| WHAT IS NEEDED |
Give the listing again word for word. Leave every image out.

| COLLECTED DATA |
- - -

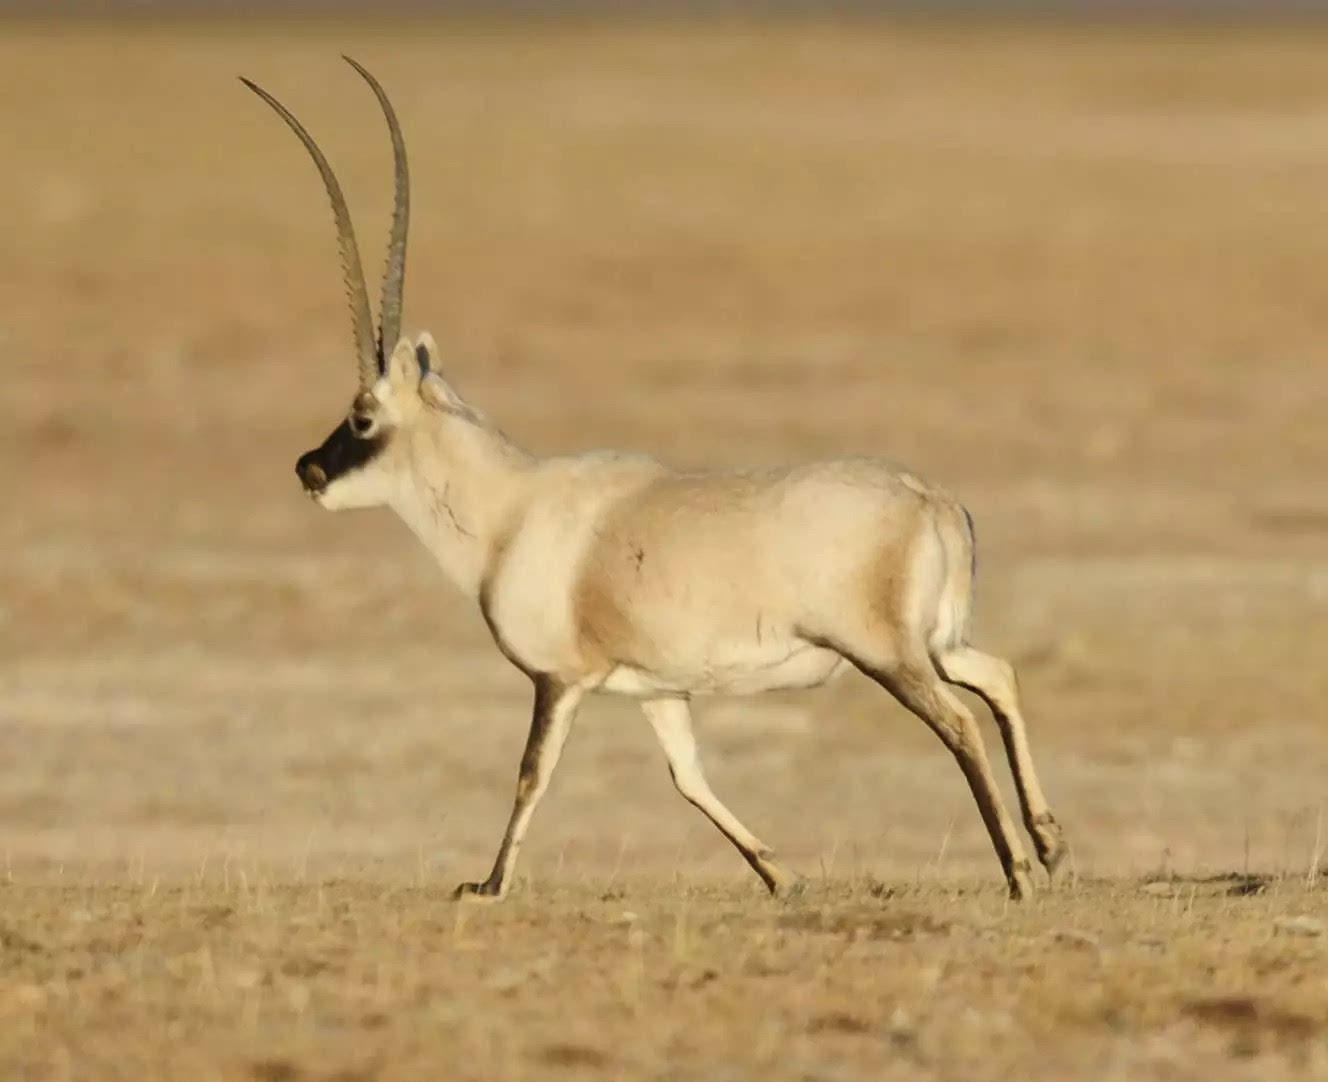 芊芊羊羊-美美哒藏羚羊   高鼻羚羊(羊兄,你的鼻子好帅)   羊牛族(哈哈,这
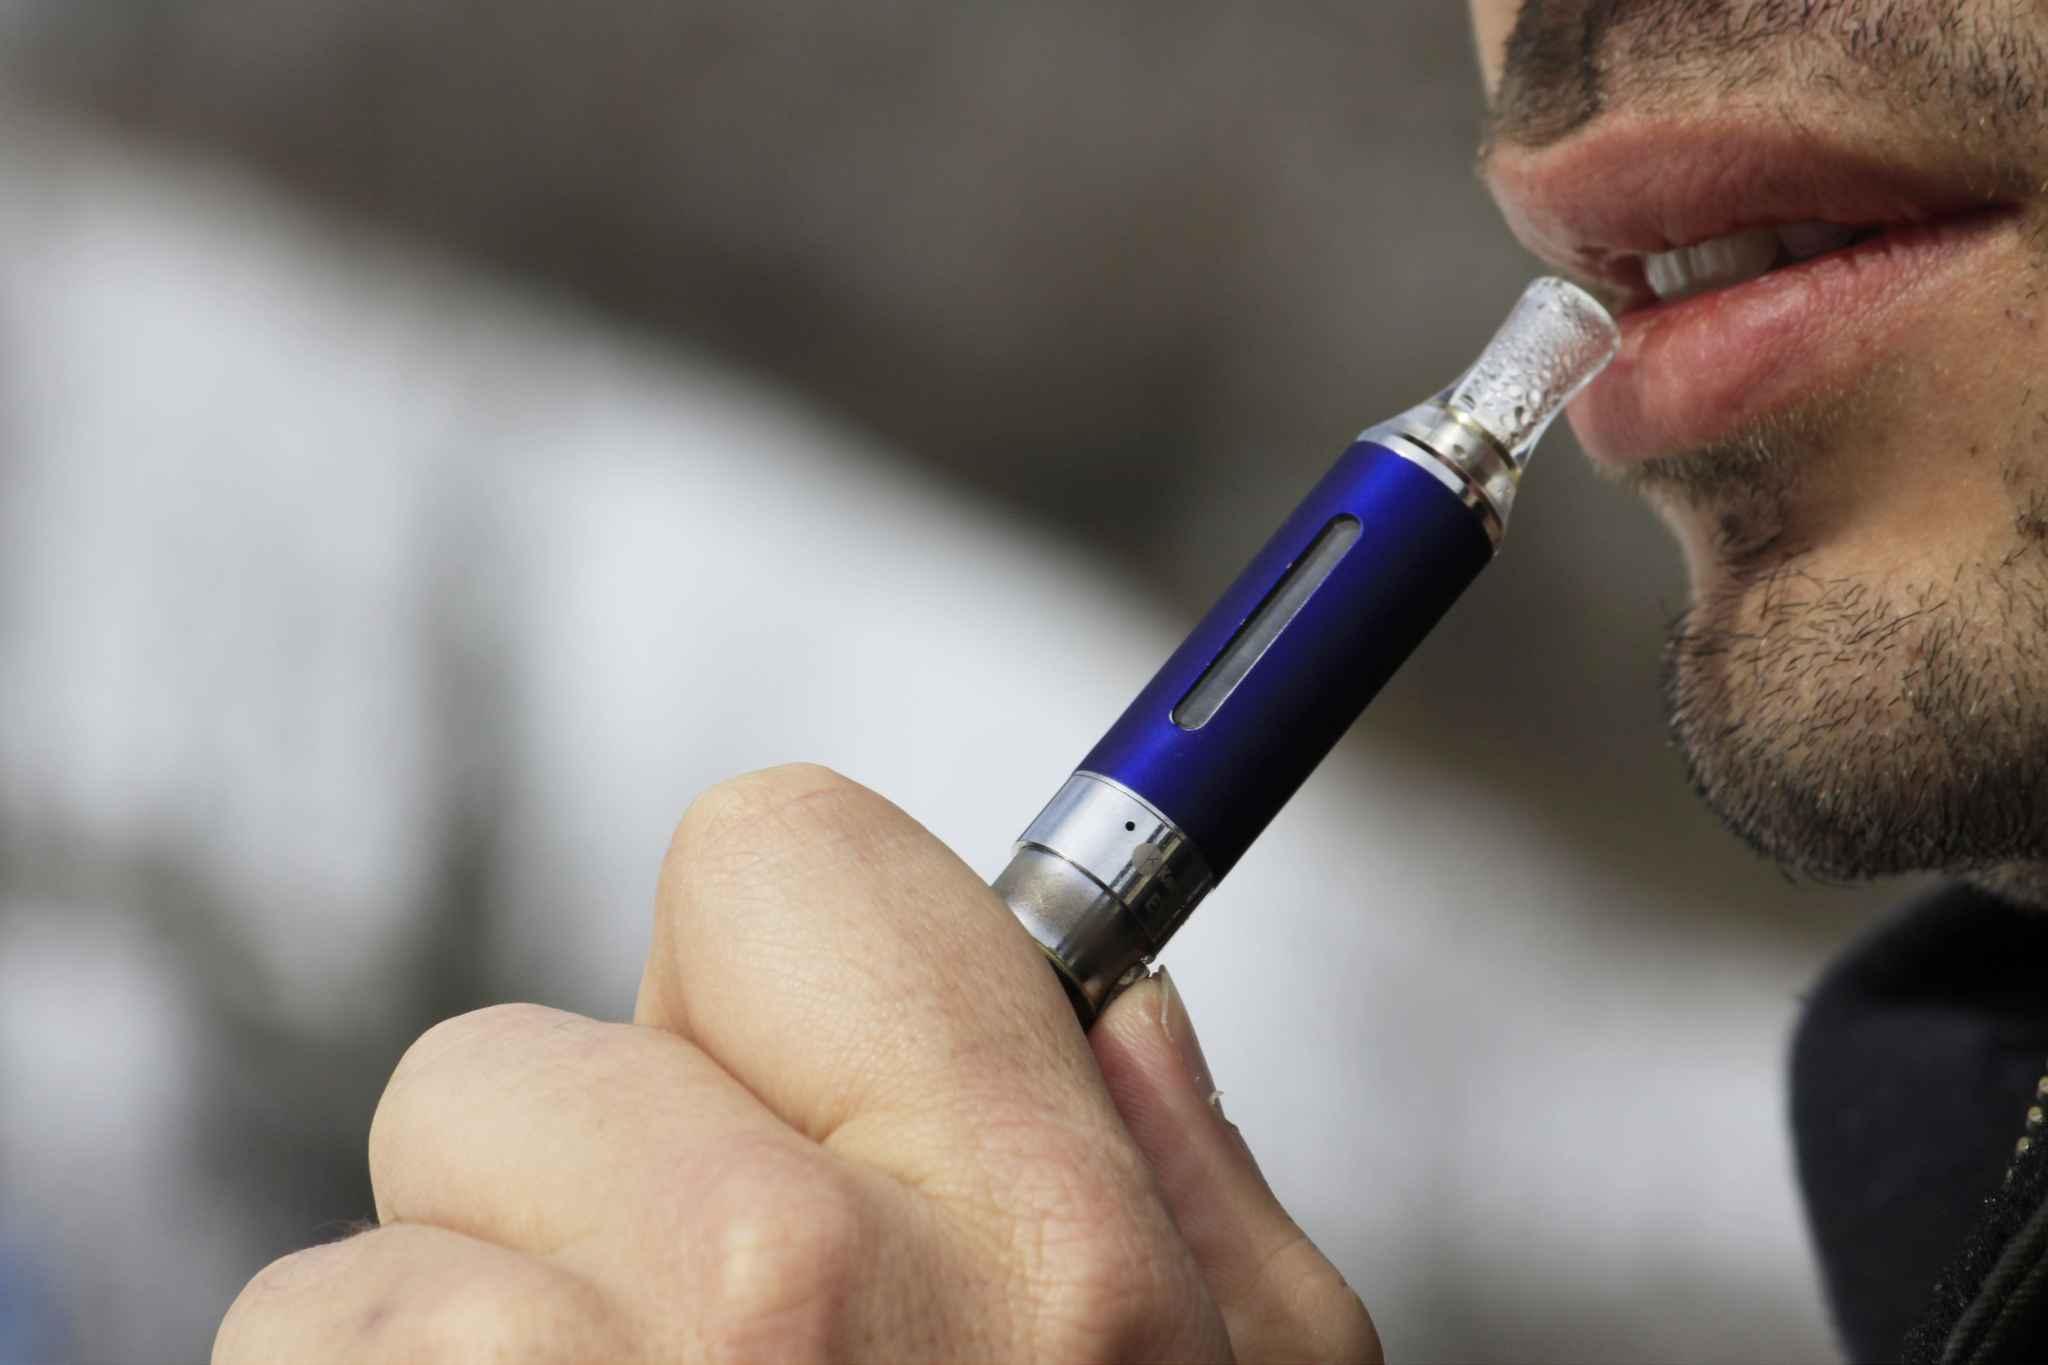 La dépendance de nicotine chimique
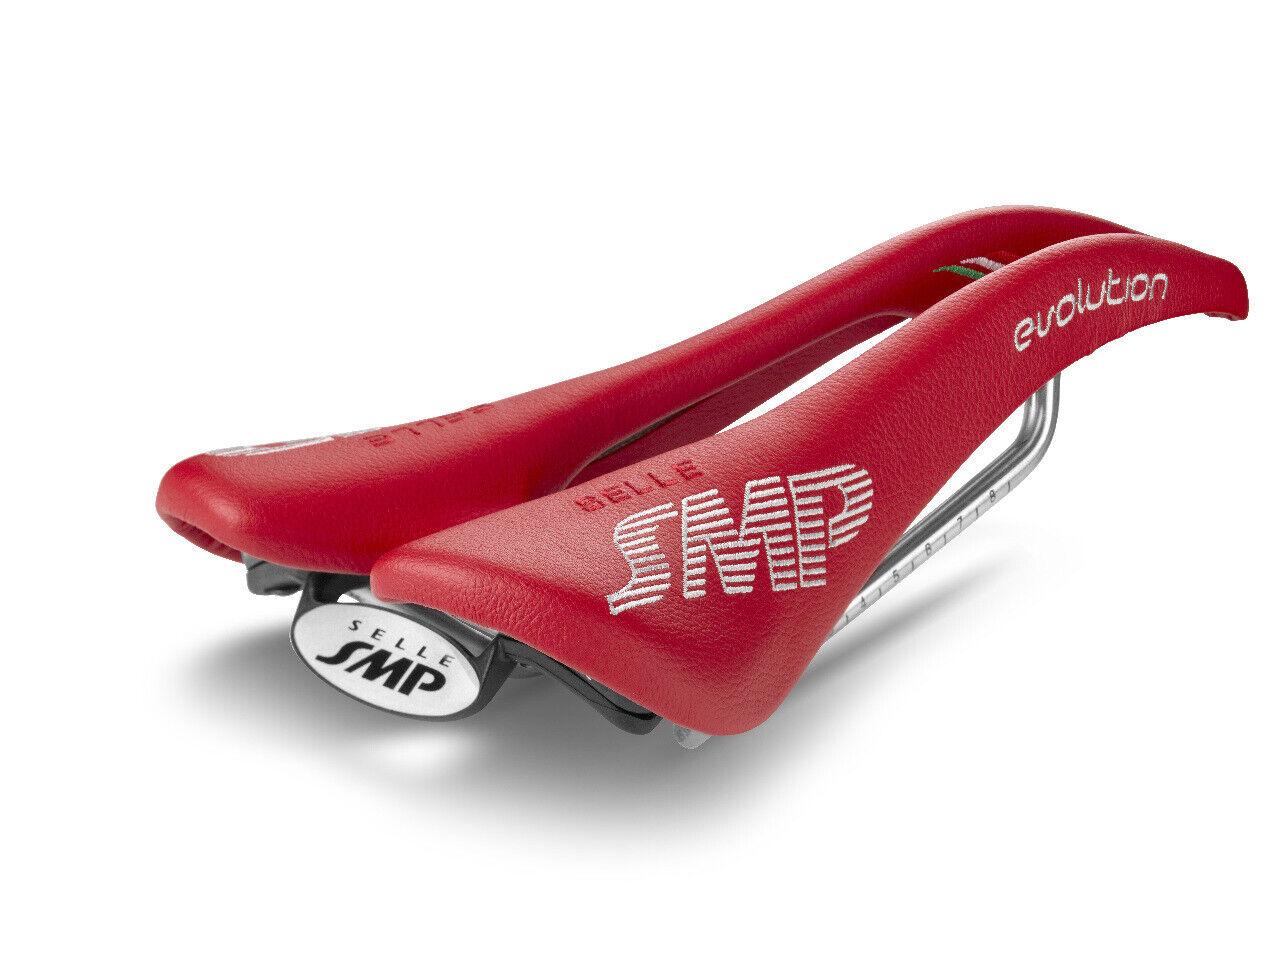 Selle SMP Evoluzione Sella Della Bicicletta Sella  Rosso. Made in

- - -

| TASK RESPONSE |
 芊芊羊羊-美美哒藏羚羊   高鼻羚羊(羊兄,你的鼻子好帅)   羊牛族(哈哈,这
 La dépendance de nicotine chimique
 Selle SMP Evoluzione Sella Della Bicicletta Sella  Rosso. Made in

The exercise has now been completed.